▶ [Source records]:
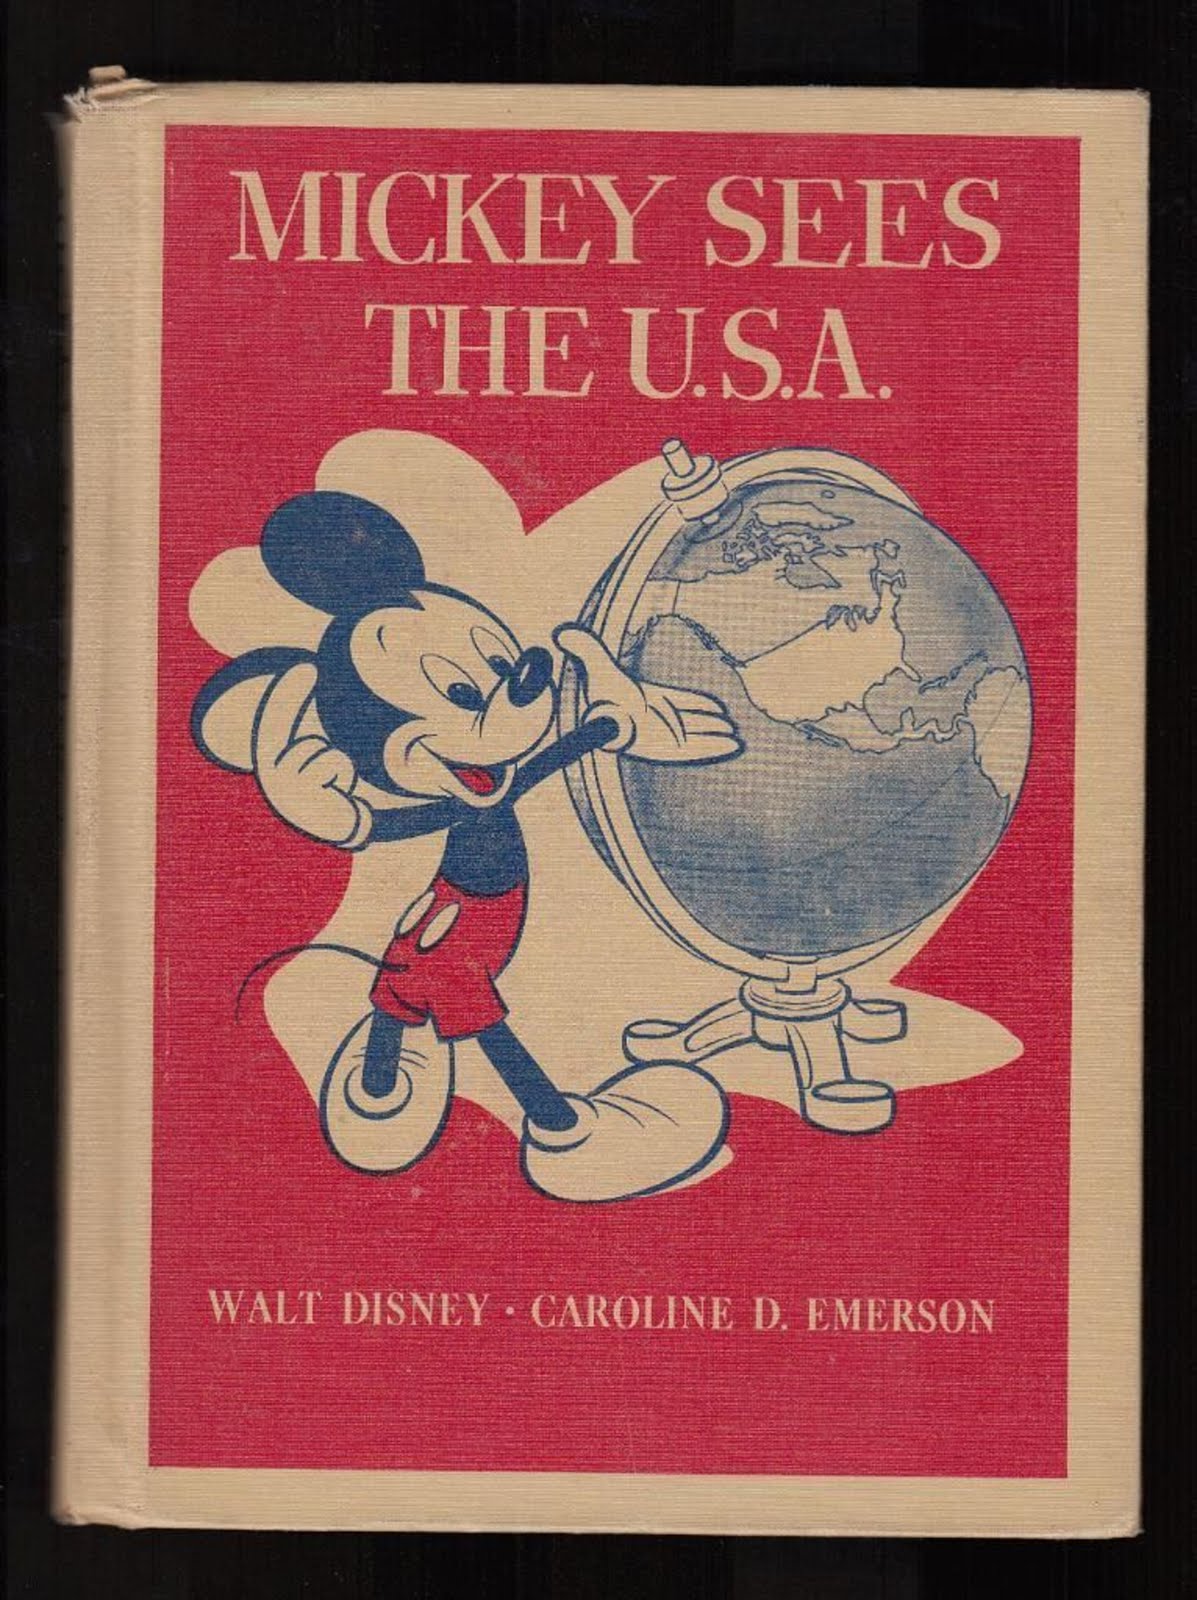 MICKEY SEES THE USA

==

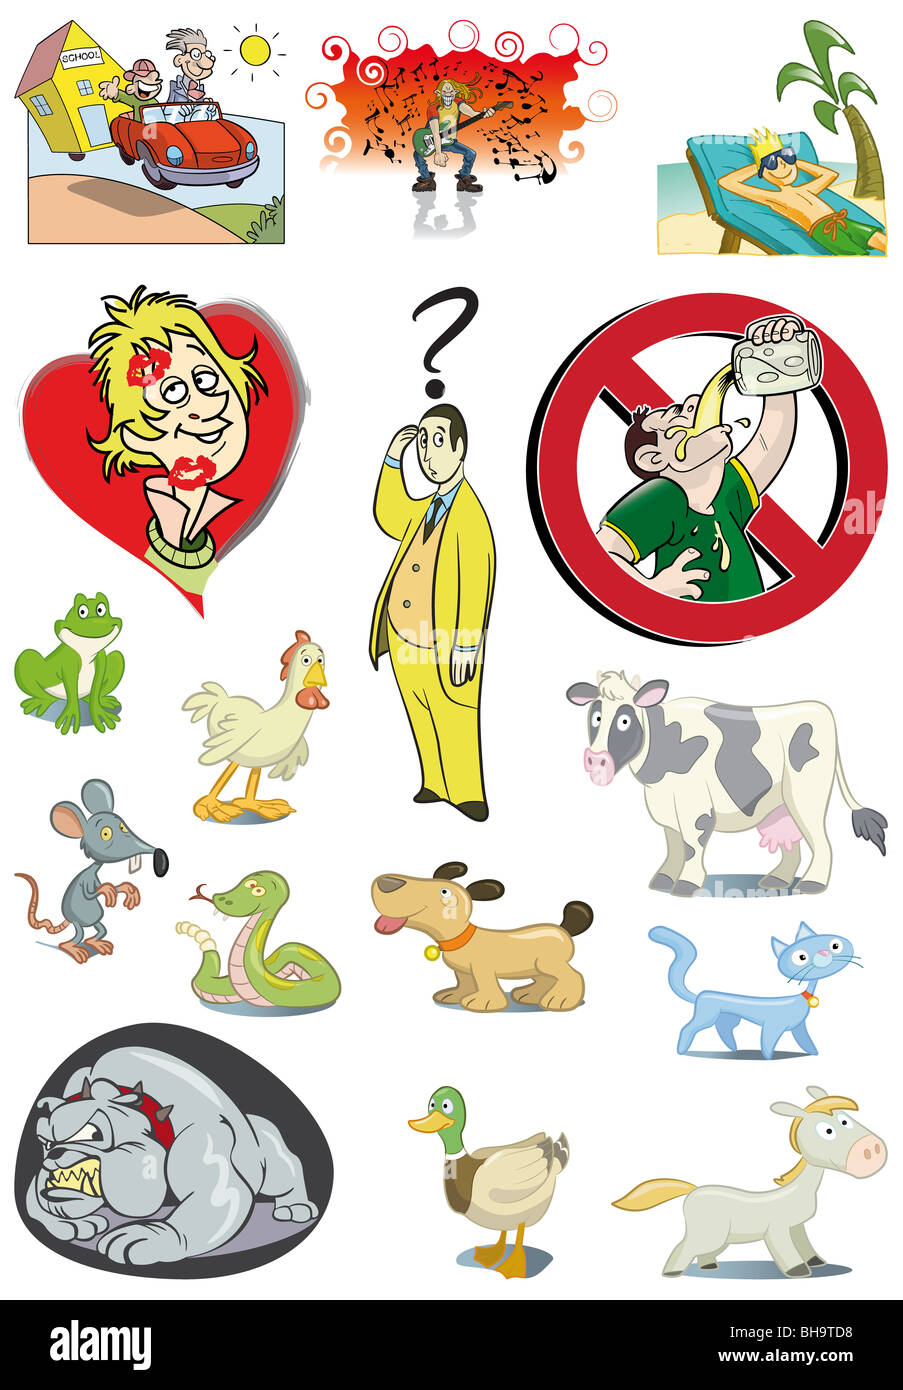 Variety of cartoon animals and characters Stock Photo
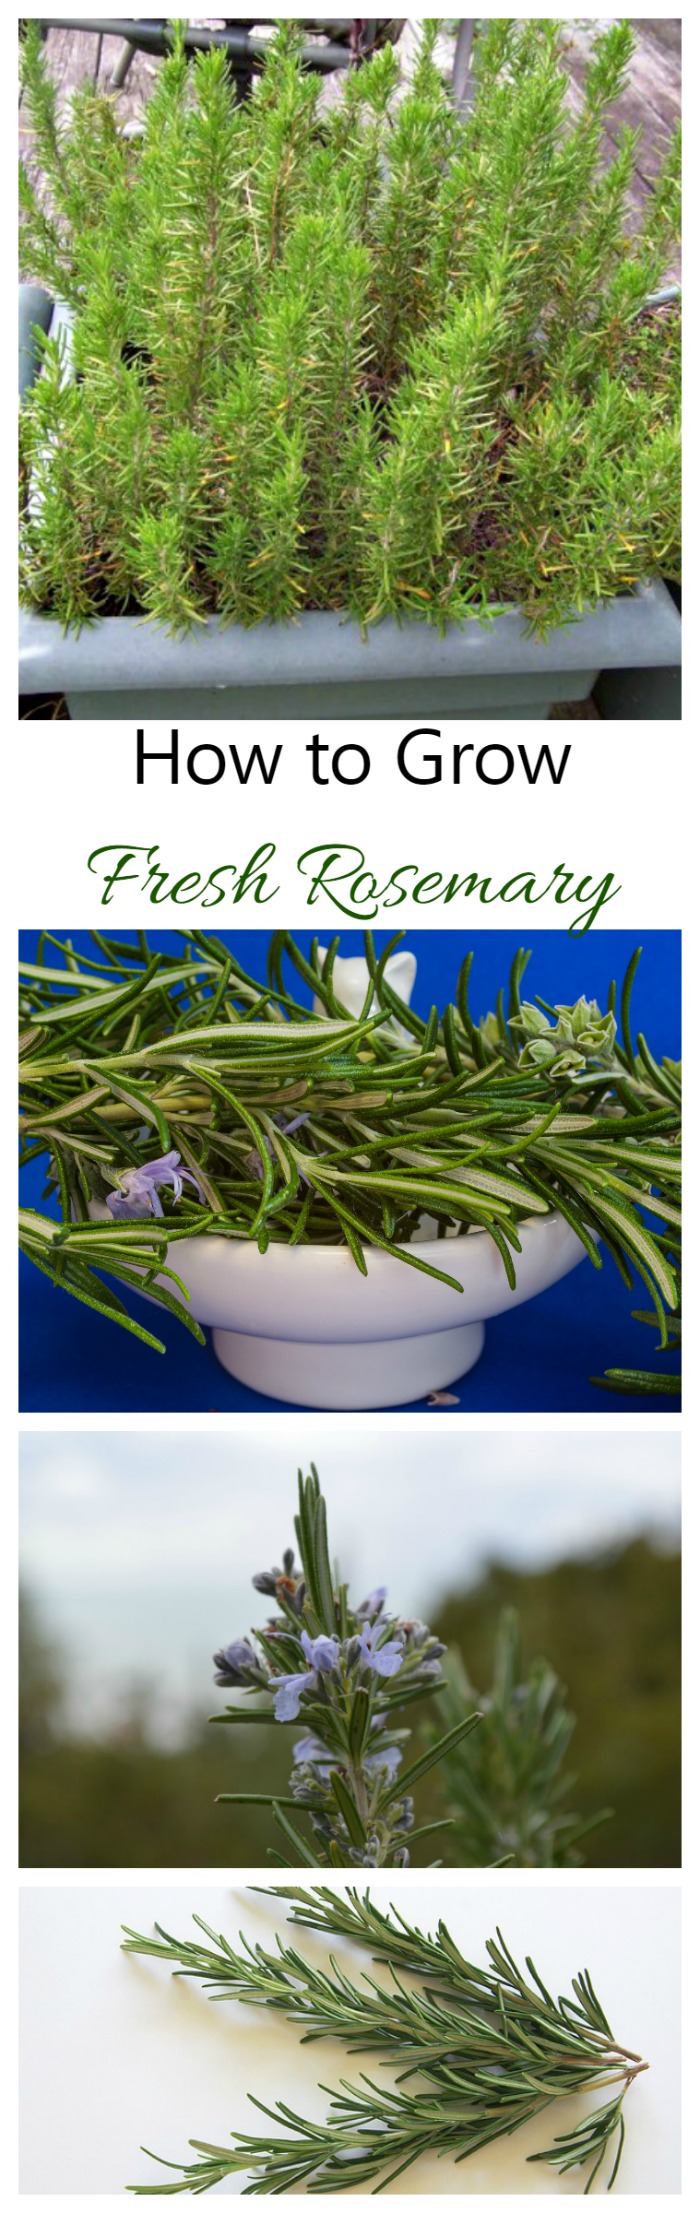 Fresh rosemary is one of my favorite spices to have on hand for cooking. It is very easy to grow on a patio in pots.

▶ [The problem]: In the entries above, find the line with "Variety of cartoon" and the line with "Fresh rosemary is". Write out exactly those two lines and every line between them, pictures excluded.

▶ [Your solution]:
 Variety of cartoon animals and characters Stock Photo
 Fresh rosemary is one of my favorite spices to have on hand for cooking. It is very easy to grow on a patio in pots.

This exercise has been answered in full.